Xcel Energy, Colorado’s largest utility, is doubling down on renewable energy, but that doesn’t mean it’s ready to quit natural gas.
On Wednesday, the company released details on its upcoming Clean Energy Plan, which it will submit to state regulators in March. The outline promises to cut the company’s carbon dioxide emissions 85 percent below 2005 levels by 2030. To get there, Xcel plans to double its renewable energy portfolio in Colorado and stop using coal power entirely by 2040.
The plan comes in response to a 2019 state law demanding rapid emissions reductions from Xcel. CEO Ben Fowke said the plan shows how the Minnesota-based company will not only meet those requirements but surpass them.
“It provides the blueprint for the nation on how we can achieve remarkable carbon reductions while preserving affordability and reliability,” Fowke said.
What the plan doesn’t clarify is the future of natural gas in Colorado.
Xcel, like other utilities, hopes to use natural gas to supply reliable power even as renewable sources fluctuate with the weather. Meanwhile, environmental advocates say new technologies could meet the same need without locking in decades of greenhouse gas emissions.
The proposed plan from Xcel Energy calls for 1,300 megawatts in “dispatchable” generation to balance the power supply. Alice Jackson, the president of Xcel Energy Colorado, told CPR News technologies like hydrogen fuel or battery storage can’t meet that need right now.
“We know they’re wrong about that,” Jackson said. “The natural gas facilities that are on the system — and will be part of the mix even in 2030 — are necessary to supply that 24/7 resource our customers depend on.”
Jackson said those additions would help the utility transition away from coal power. Prior to the latest plan, Xcel planned to operate the newest unit of its Comanche Generating Station in Pueblo until 2070. Just 11 years after building Comanche Unit 3, Xcel has now proposed it will retire it 30 years ahead of schedule. The two older units of the power plant will close by 2025.
Rather than shutter the Pawnee Generating Station in Brush, Colorado, the new plan proposes converting the 505-megawatt facility to natural gas in 2028. The plants had previously been set to retire by 2041. The latest plans also confirmed Xcel will close the Hayden Generation Station in northwest Colorado by 2028.

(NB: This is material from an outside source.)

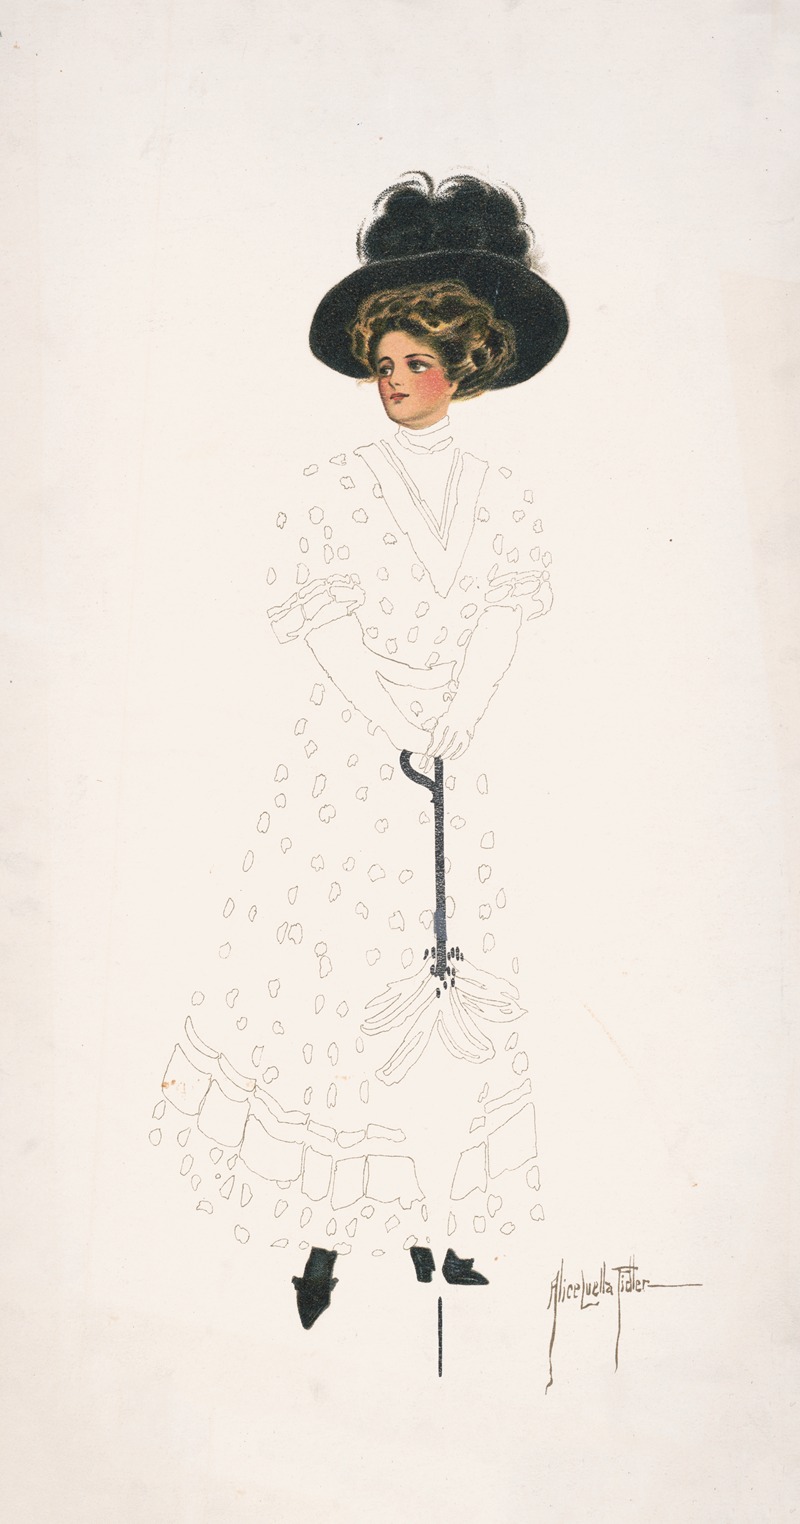 Alice Luella Fidler - Woman with hat and umbrella

Those planned retirements aren’t happening fast enough for Anna McDevitt, a senior representative for the Sierra Club’s Beyond Coal Campaign. The environmental group recently released a report grading utilities on their progress toward their own clean energy goals. It gave Xcel Energy a C grade, partially because it planned to operate the Pawnee and Comanche stations past 2030.
McDevitt notes no other Colorado utility plans to operate a coal plant past 2030. She worries new natural gas plants, including the converted Pawnee facility, could harm the climate and Xcel customers. If cheaper options become available or governments crackdown on emissions sources, ratepayers could get stuck with those facilities' costs.

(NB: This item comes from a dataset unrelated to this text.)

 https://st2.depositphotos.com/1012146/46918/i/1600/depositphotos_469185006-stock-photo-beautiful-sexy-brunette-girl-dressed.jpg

“We just don’t want to see any gas in there. That’s just going to end up costing us a lot of money in the future and hurting the climate more,” McDevitt said.
During a news conference, Gov. Jared Polis praised the company for plans to retire coal plants by 2040, but added that “given the high cost of coal, that's likely to occur even sooner.”
Other environmental advocates said new natural gas assets aren’t guaranteed.
Erin Overturf, the deputy director of the clean energy program for Western Resource Advocates, said Colorado requires utilities to hold a competitive bidding process after regulators approve a request for new electricity resources. Under the system, companies will compete to supply Xcel’s demand for dispatchable power sources, like fast-ramping natural gas plants.
“There will be an opportunity for clean resources to compete,” Overturf said. “So you might see things like green hydrogen or other kinds of energy storage that could be used to fill that need.”
Jackson said she isn’t closing the door to other options. She expects natural gas will be the most cost-effective way to guarantee reliable power but said the last few years prove technology can change quickly.
“If we can get more renewables on the system in a reliable manner, we're going to figure out the way to do it,” Jackson said.
Editor's note: This story has been updated to more accurately describe fast-ramping power sources.